The memory setting for the consumer lambda. This will have a bearing on the cost of the consumer.
One or more tests that you want to run. Individual tests can be defined and disabled. Note that if you remove a test from the array, its corresponding resources will be removed and the test will no longer be visible in the dashboard.
Cloudwatch Metrics store metrics, typically for 15 days at least, so by leaving the test defined by disabled, you can still review historical metrics.
Even within test different poller types, there is latitude for fine tuning the poller configuration, so you may well want to run more than one test for each poller type so you can see the effects.
NB: The producer is only enabled if there is at least one test enabled.
IMPORTANT: 1 minute / consumerPerMessageDuration * maxConcurrency is the theoretical maximum message rate that a poller can handle. If you exceed this rate, you will start to see backlogs and increased latency. However, there is overhead in the polling process which will reduce the effective message rate that can be handled. The Lambda pollers are designed to be more efficient at lower message rates, but will start to struggle as the message rate increases. The most practical way to increase capacity is to increase concurrency.
tests: [
{
enabled: true,
batchSize: 10,
batchWindow: Duration.seconds(0),
pollerType: PollerType.Lambda,
maxSessionDuration: Duration.seconds(60),
maxConcurrency: 2,
invocationType: InvocationType.REQUEST_RESPONSE,
},
//...
]
Whether the test is enabled or not. If you want to disable a test, set this to false.

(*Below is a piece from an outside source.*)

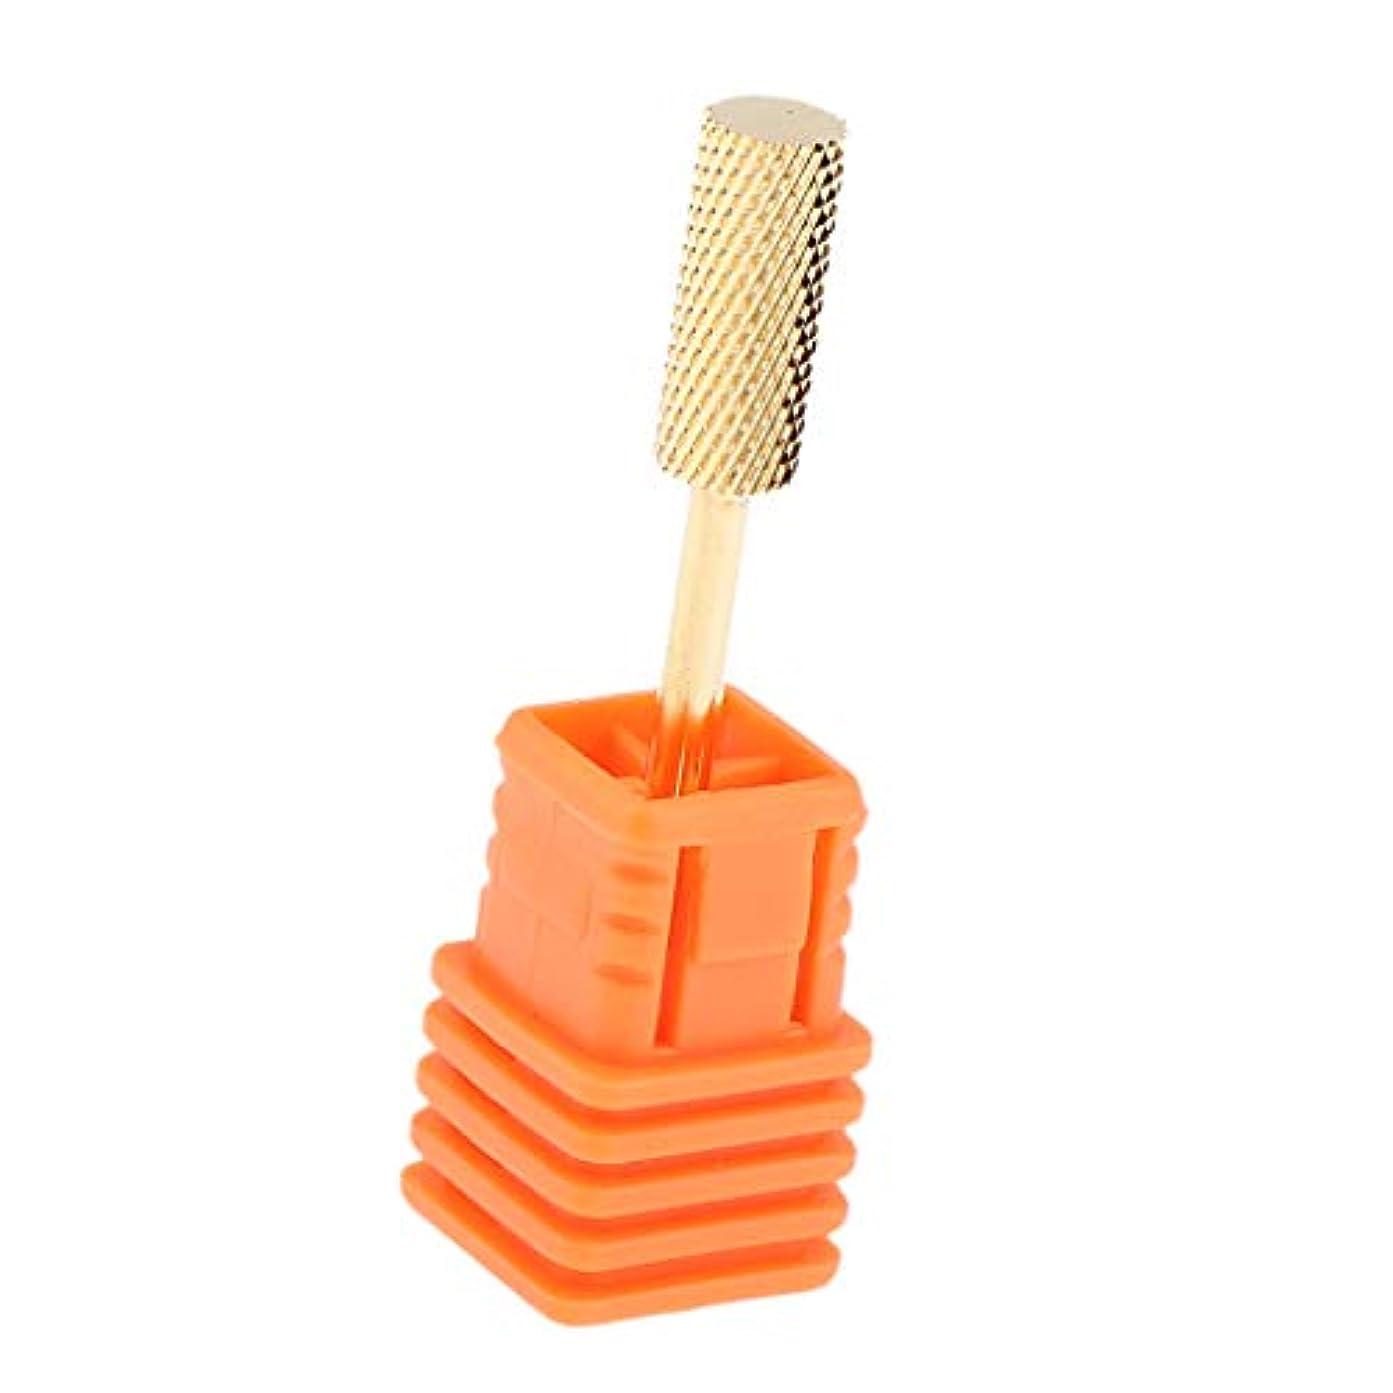 B Baosity ネイルドリルビット 電気 ネイルファイル マニキュア ヘッド 4タイプ選べ - F

The type of poller to use. The options are:
- Lambda - A Lambda function that polls the queue for messages. A simplistic implementation is provided that uses
a single polling loop but with one or more concurrent consumers up to the maxConcurrency setting.
If throttled, the poller will not be requesting messages and a backlog can start to form. The poller continues to poll until an empty receive, up to the maxSessionDuration. - Pipe - An EventBridge Pipe that sends messages to the consumer
- EventSource - An Event Source Mapping that sends messages to a Lambda function
The maximum number of messages to send to the consumer in each invocation. This is a maximum, and there is no guarantee that the batch is filled, depending on the poller type.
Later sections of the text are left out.